The Komodos grow up to three metres long and weigh in excess of 100kg, their thick tails designed to knock down their prey, which incidental­ly as omnivores includes their own children, who cleverly leave home at just a few days old to avoid being mama’s next appetiser. It’s a sobering experience to see this many up close and the perfect wow moment to end the trip.

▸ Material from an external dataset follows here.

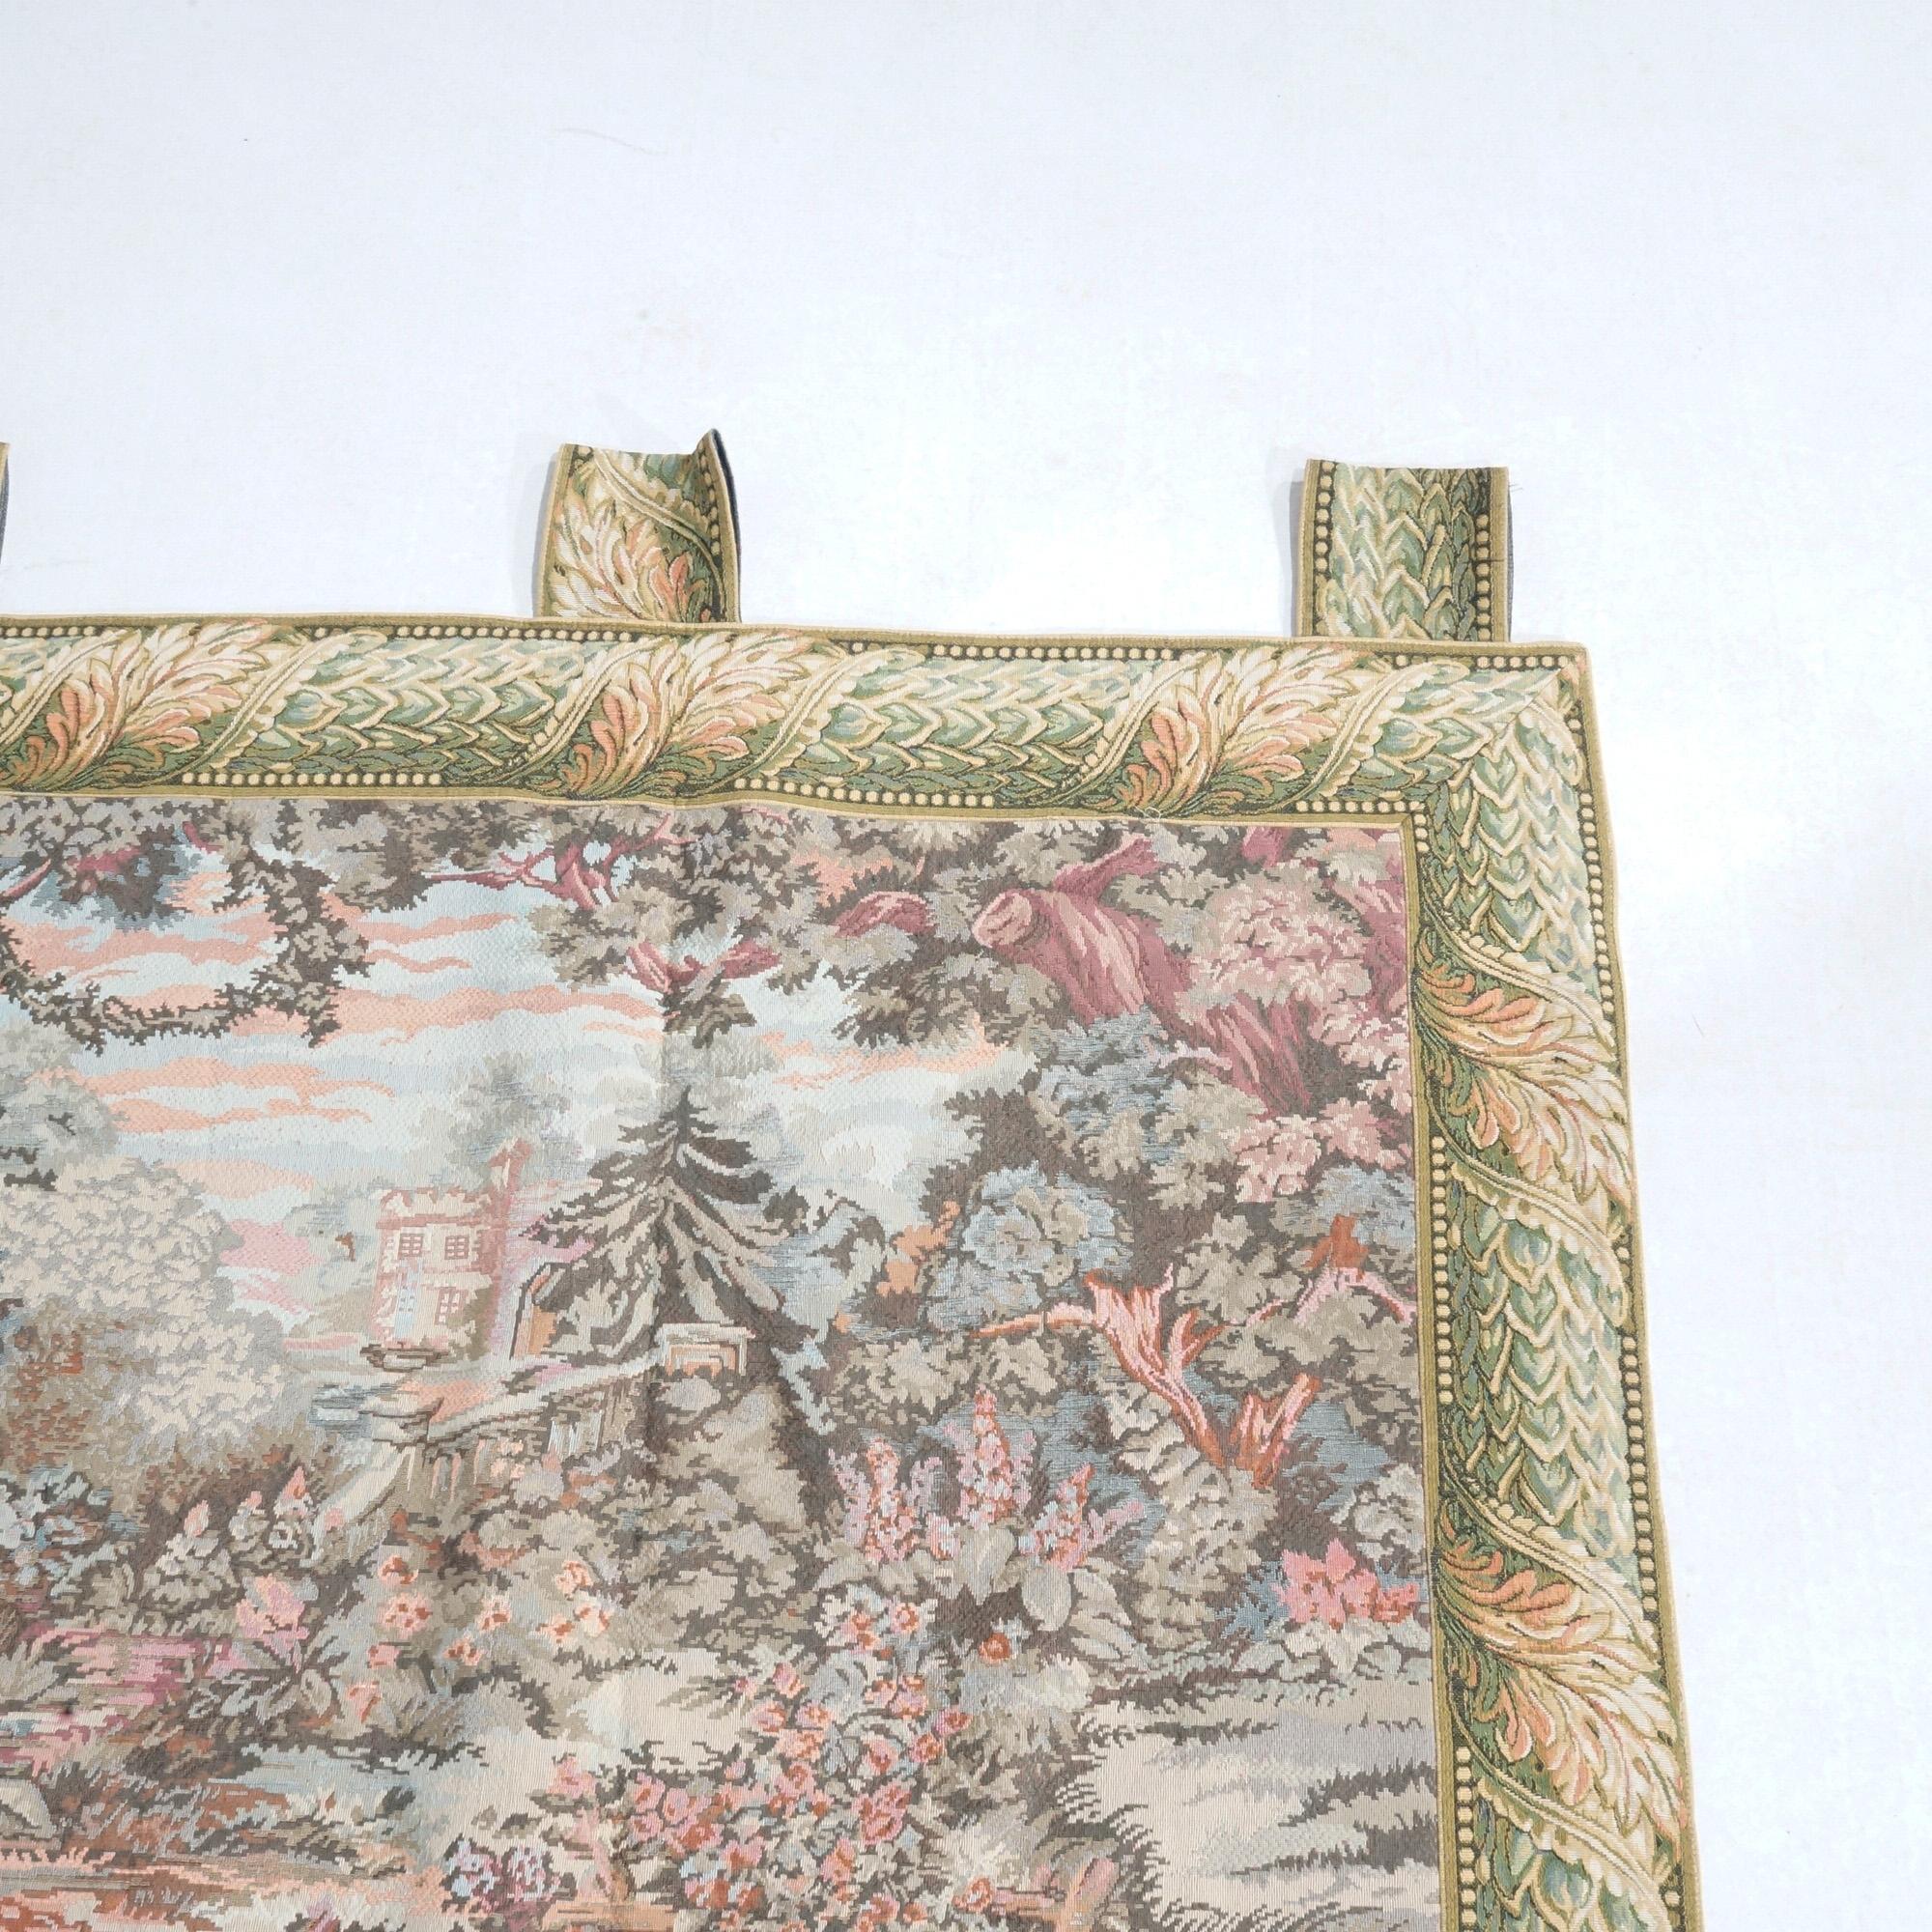 Textile Contemporary Greco-Roman Scenic Landscape Wall Tapestry 20th Century For Sale

Hundreds of flying foxes, giant oceanic manta rays, traditiona­l Caci dancers, wake-boarding on a paddleboar­ds, snorkellin­g in secluded bays, beach-side barbecues, killing-machine Komodos, and endless upon endless games of Uno later, our new little boat family sailed sadly into Labuan Bajo, the capital of Flores, bringing us to a very emotional end to a holiday of a lifetime. With it dissapeare­d any misgivings about being on a cruise with the aforementi­oned dreaded ‘strangers’, many of whom would now be friends for life, including the guides and crew. It must be hard to please everyone on a mixed cruise, but Seatrek managed to do just that. From the sustainabl­e outreach programme they have in place with local fishing communitie­s, to the ridiculous­ly knowledgea­ble guides, not to mention that we were in some of Indonesia’s most remote island enclaves and stepping where so few have the opportunit­y, this would now be a holiday almost impossible to beat.